Unlike mormyrids, not all gymnotiformes have a separate larval and adult electric organ. The species I am focusing on, Brachyhypopomus gauderio, has a larval organ that extends during development. Monophasic electrocytes are produced within the first week of hatching that remain throughout adulthood; however, at a certain point in development the electrocytes that arise have the adult morphology and are biphasic. These adult electrocytes are continually produced at the tip of the tail as the fish grows, eventually swamping out the larval monophasic electrocytes in the anterior and producing a biphasic head to tail EOD that has the same amplitude in P1 and P2; see images below.
I am interested in the transcriptional network that promotes electrocytes, and how larval versus adult electrocytes are specified, both as cell types and within their location in the body. To understand this at some level, I am currently exploiting the regenerative capabilities of this species, where over 20% of the total body length can be removed and regrown within 3-4 weeks- even producing new electrocytes that integrate into the electric organ and eventually return the electric organ discharge to the pre-injury state. I plan to investigate differentially expressed genes between the newly formed electrocytes at the tip of the regrowth and those that have reformed in the more proximal regenerated region to try and understand what genes/networks are involved in producing electrocytes de novo.

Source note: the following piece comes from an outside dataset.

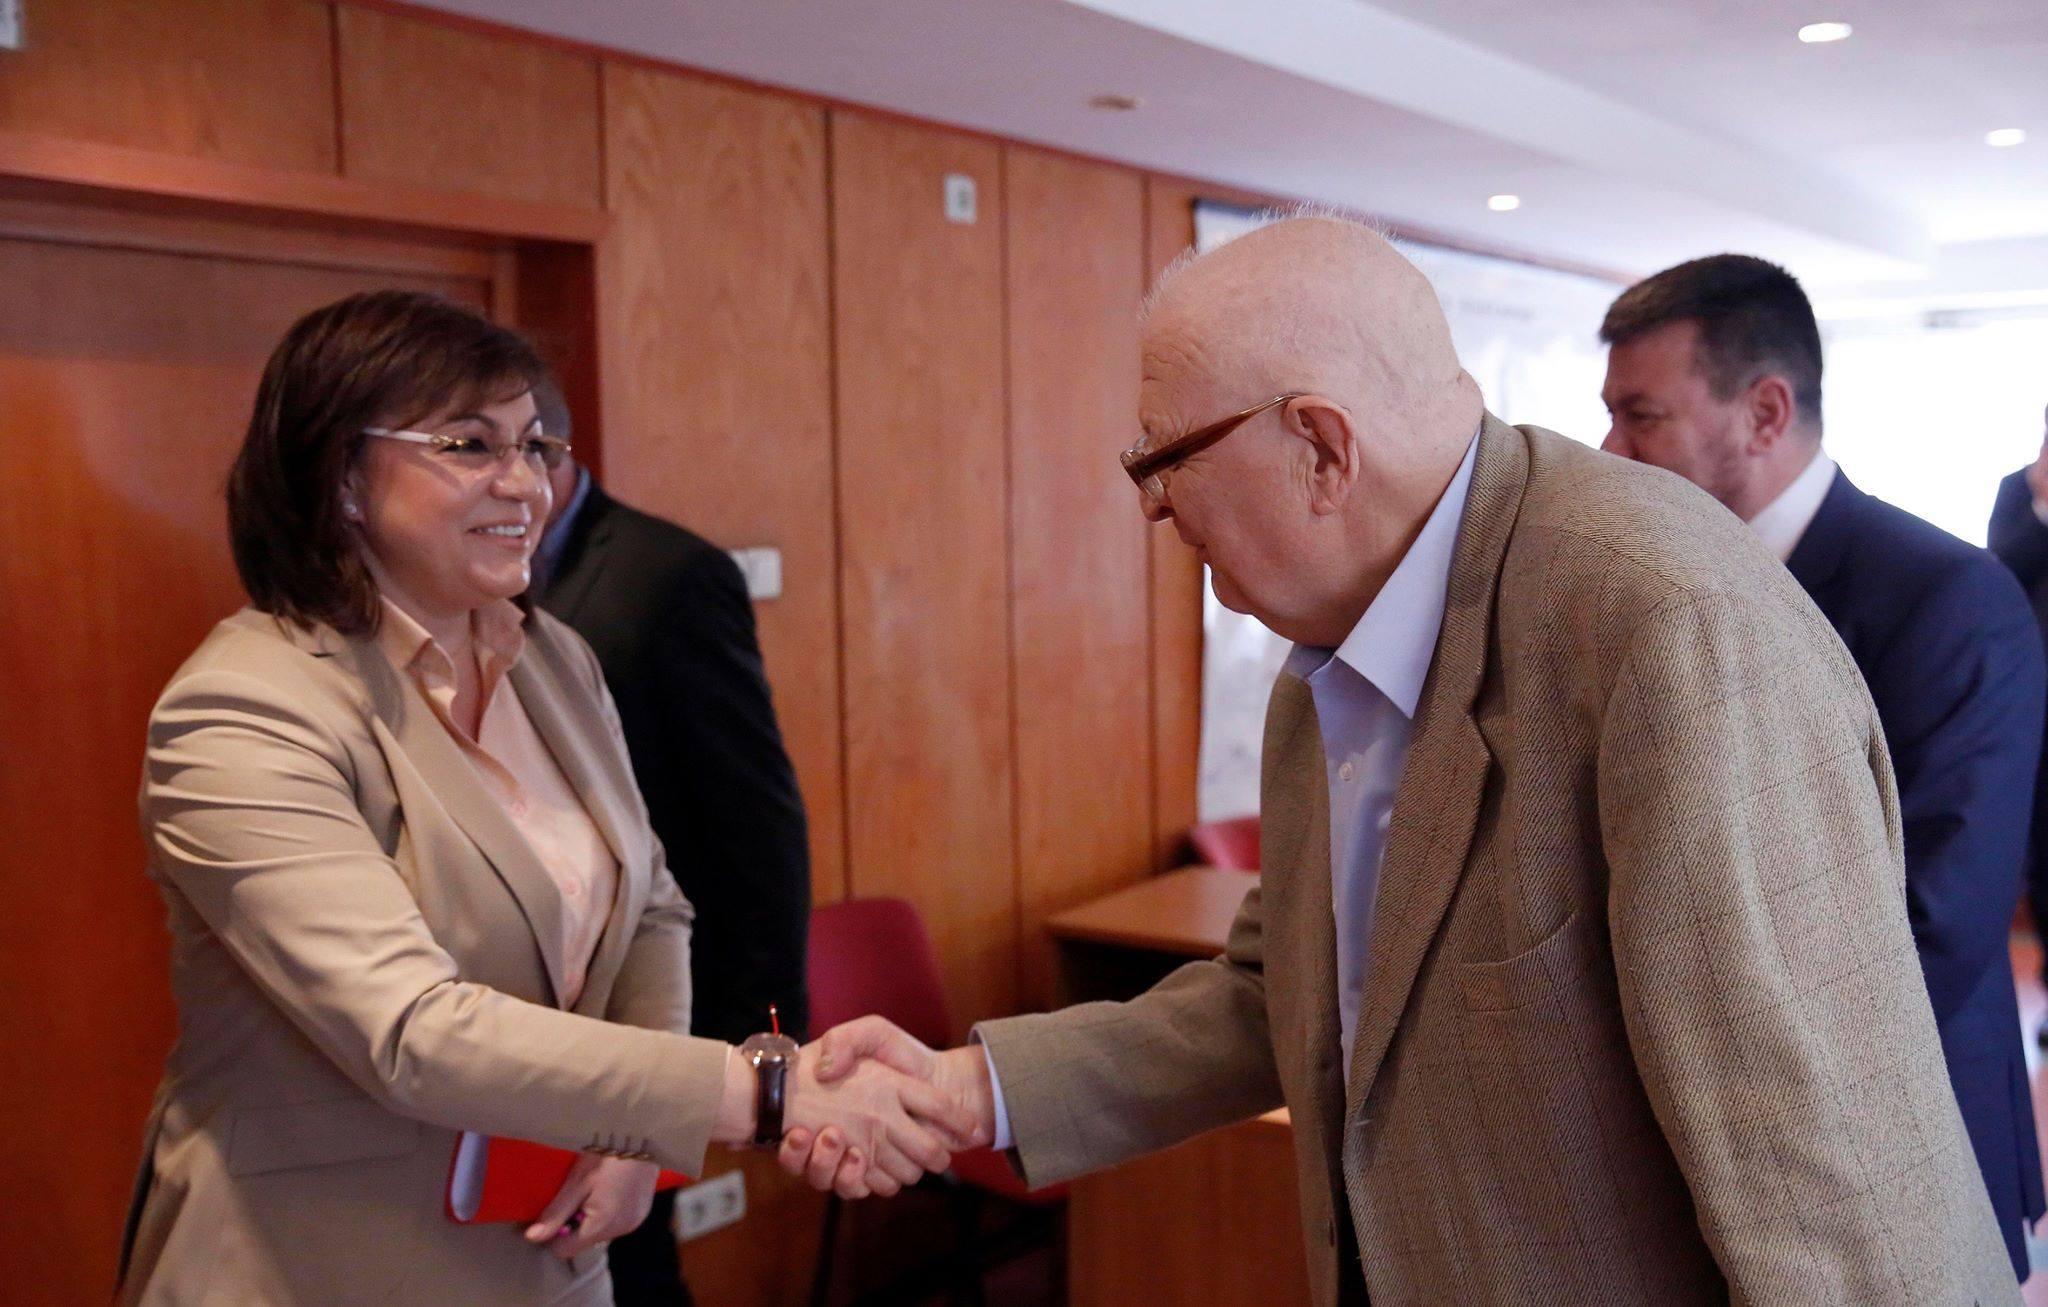 Корнелия Нинова продължава със срещите за честни избори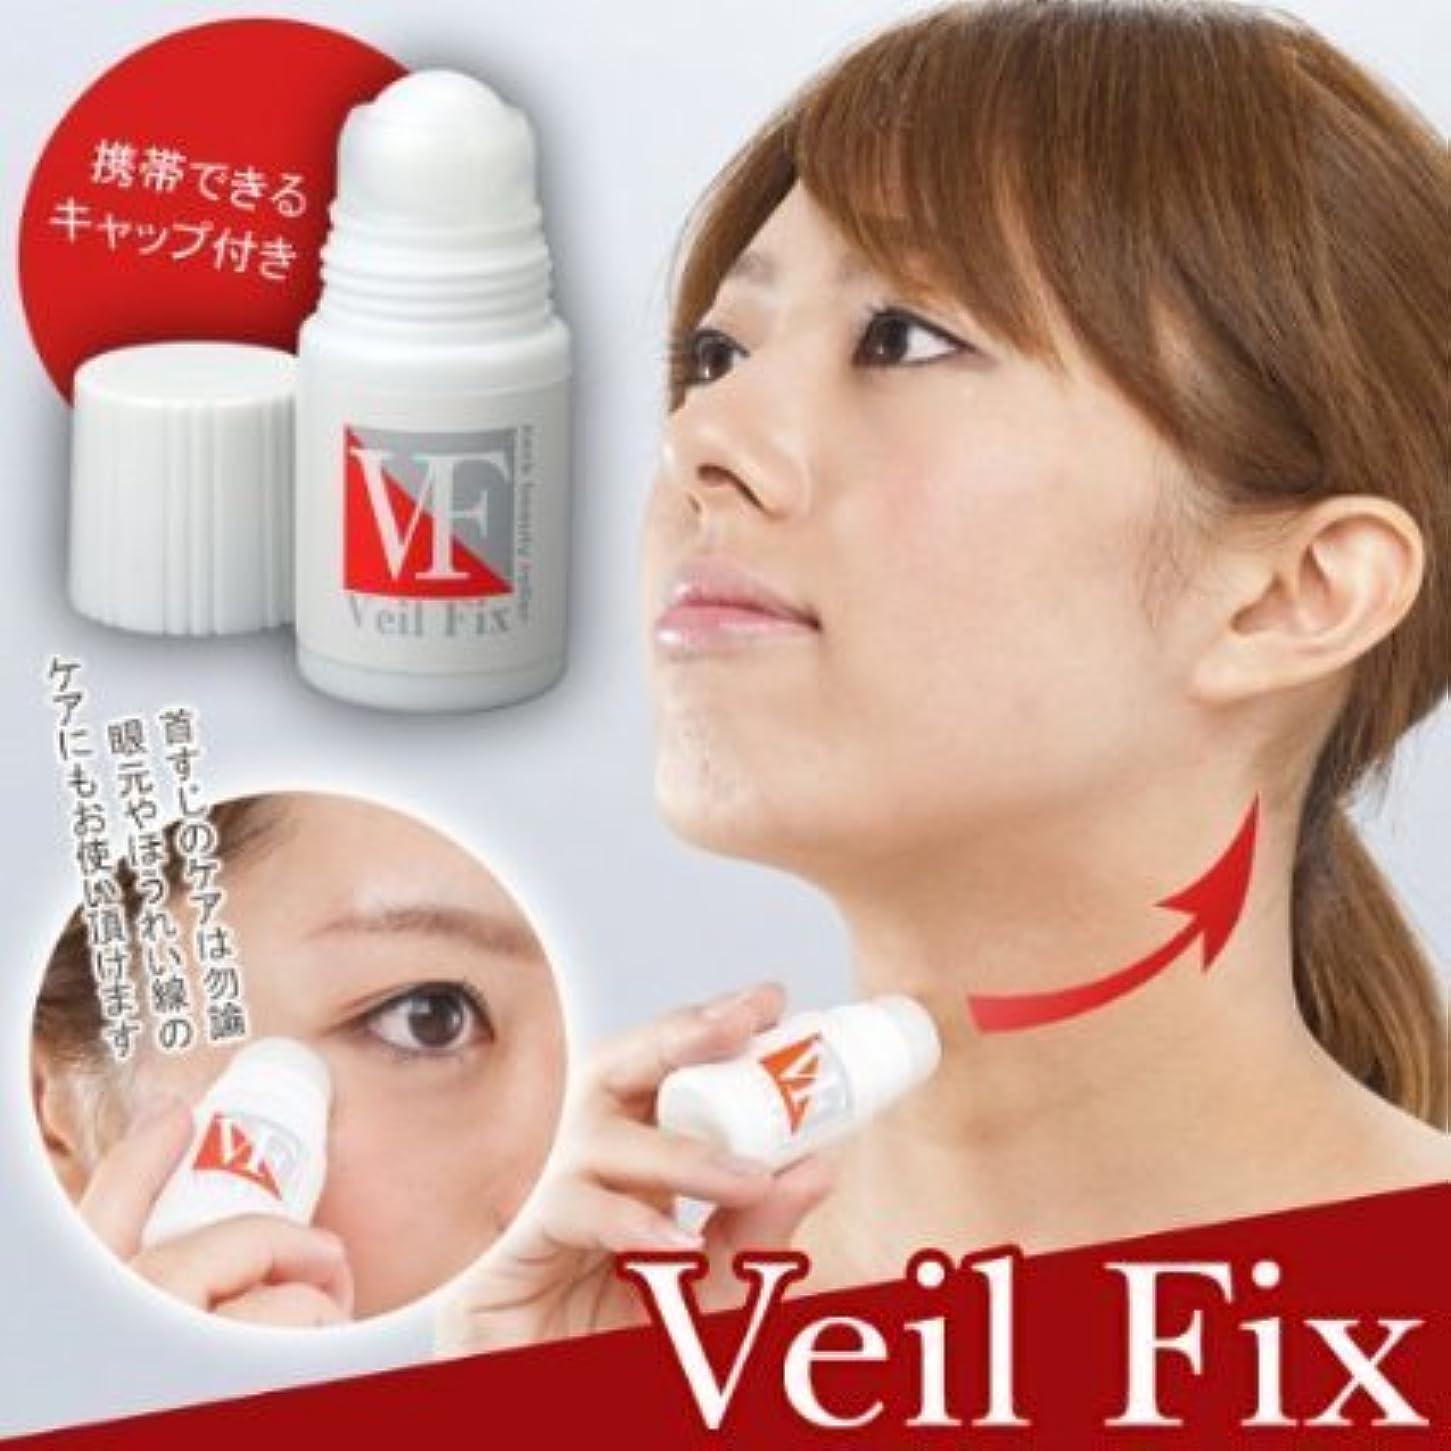 ソブリケット交渉するボタンVeil Fix neck beauty roller(ヴェイル フィックス ネックビューティーローラー)VFエッセンス 20ml

Another question with electric fish is the utility/function of the larval electrocytes. It is unclear if they serve a function, or if they are a vestigial remnant of electric organ development. I am currently producing F0 scn4aa mutants using CRISPR/Cas9, identifying those with a reduced EOD amplitude phenotype and I will be testing 2 hypotheses about larval EOD function. I plan to see if feeding or locomotion/movement are affected by the loss of the larval EOD amplitude.